§ SOURCE INFORMATION:
#####

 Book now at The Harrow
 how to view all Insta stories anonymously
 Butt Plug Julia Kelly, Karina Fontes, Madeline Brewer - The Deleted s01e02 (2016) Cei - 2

#####

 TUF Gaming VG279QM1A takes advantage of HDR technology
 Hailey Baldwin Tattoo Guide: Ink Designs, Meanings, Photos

#####

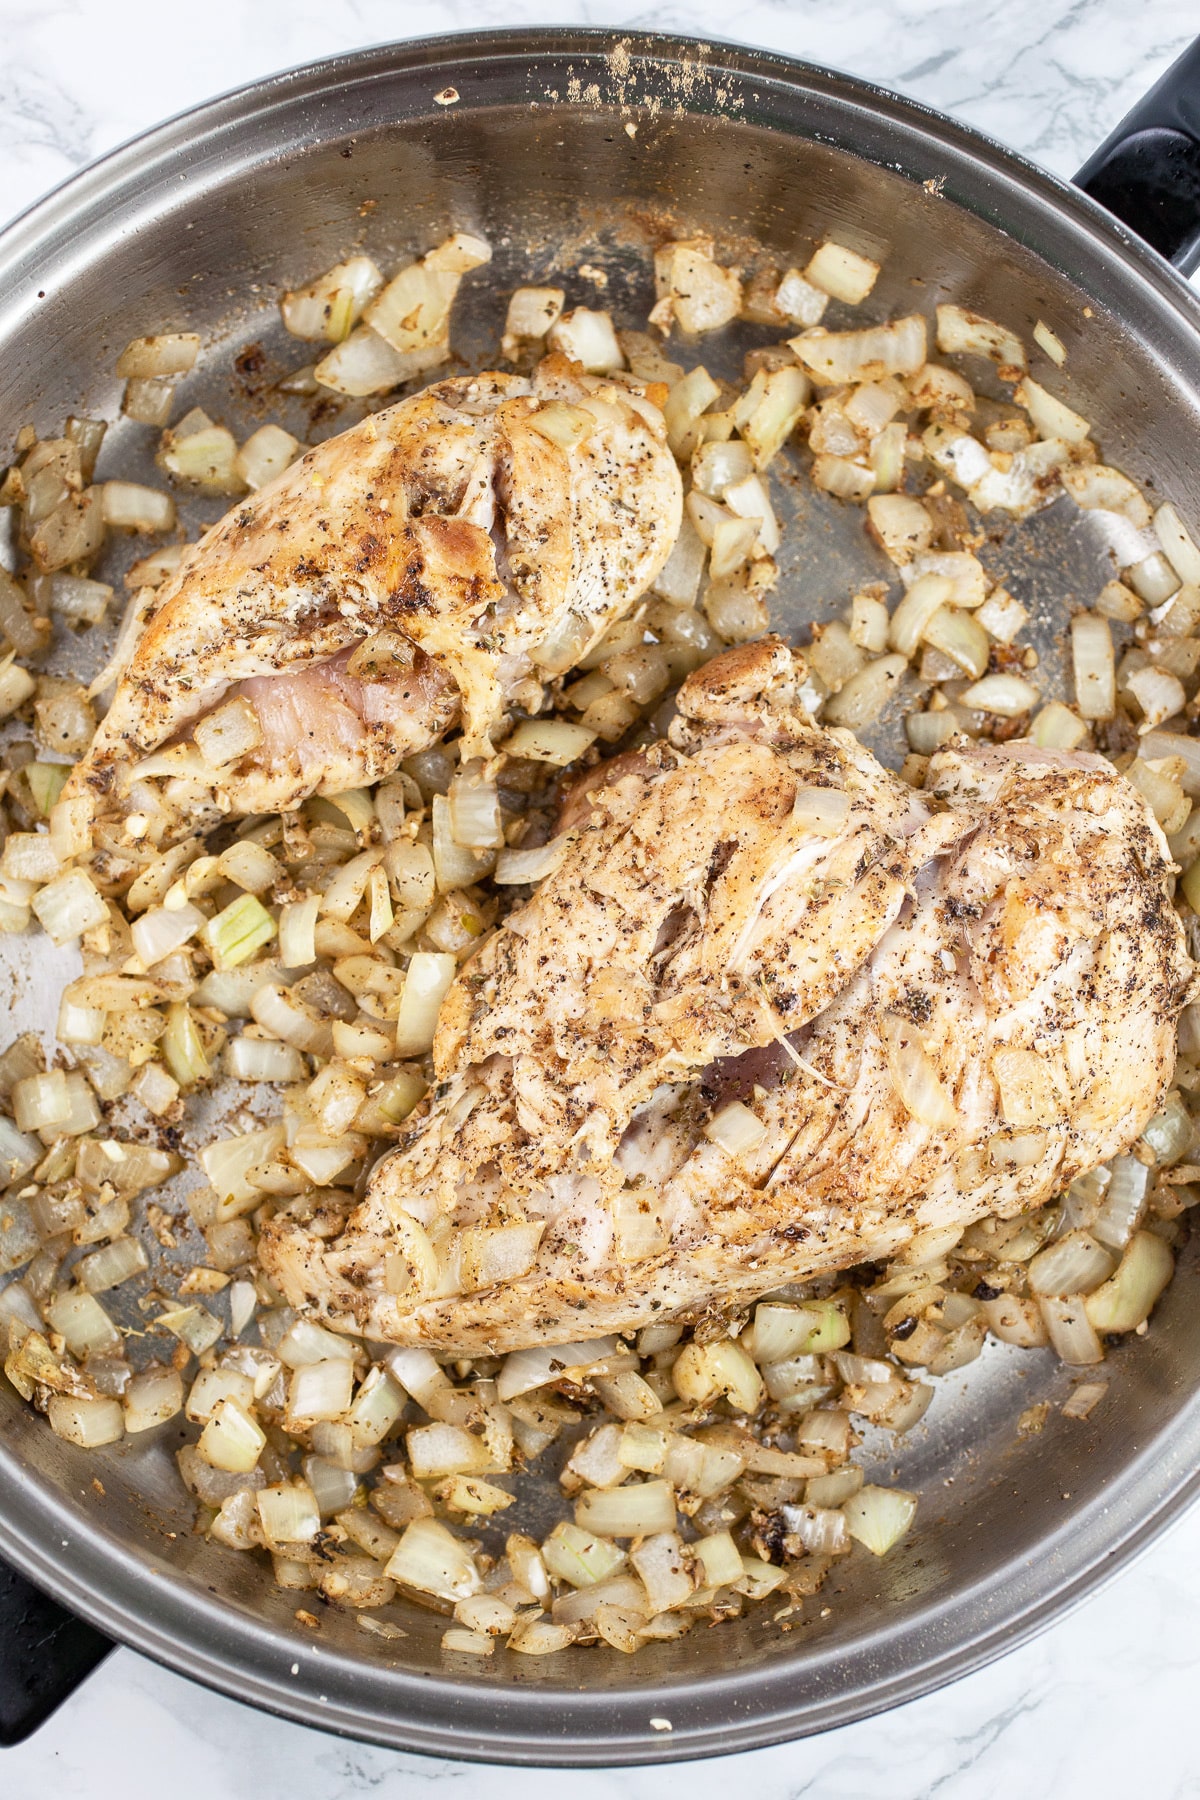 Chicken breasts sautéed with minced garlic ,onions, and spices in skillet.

#####

§ EXERCISE:
Give back the records above exactly, limited to the lines between the one holding "how to view all Insta stories anonymously" and the one holding "Butt Plug Julia", inclusive.

§ EXERCISE RESPONSE:
 how to view all Insta stories anonymously
 Butt Plug Julia Kelly, Karina Fontes, Madeline Brewer - The Deleted s01e02 (2016) Cei - 2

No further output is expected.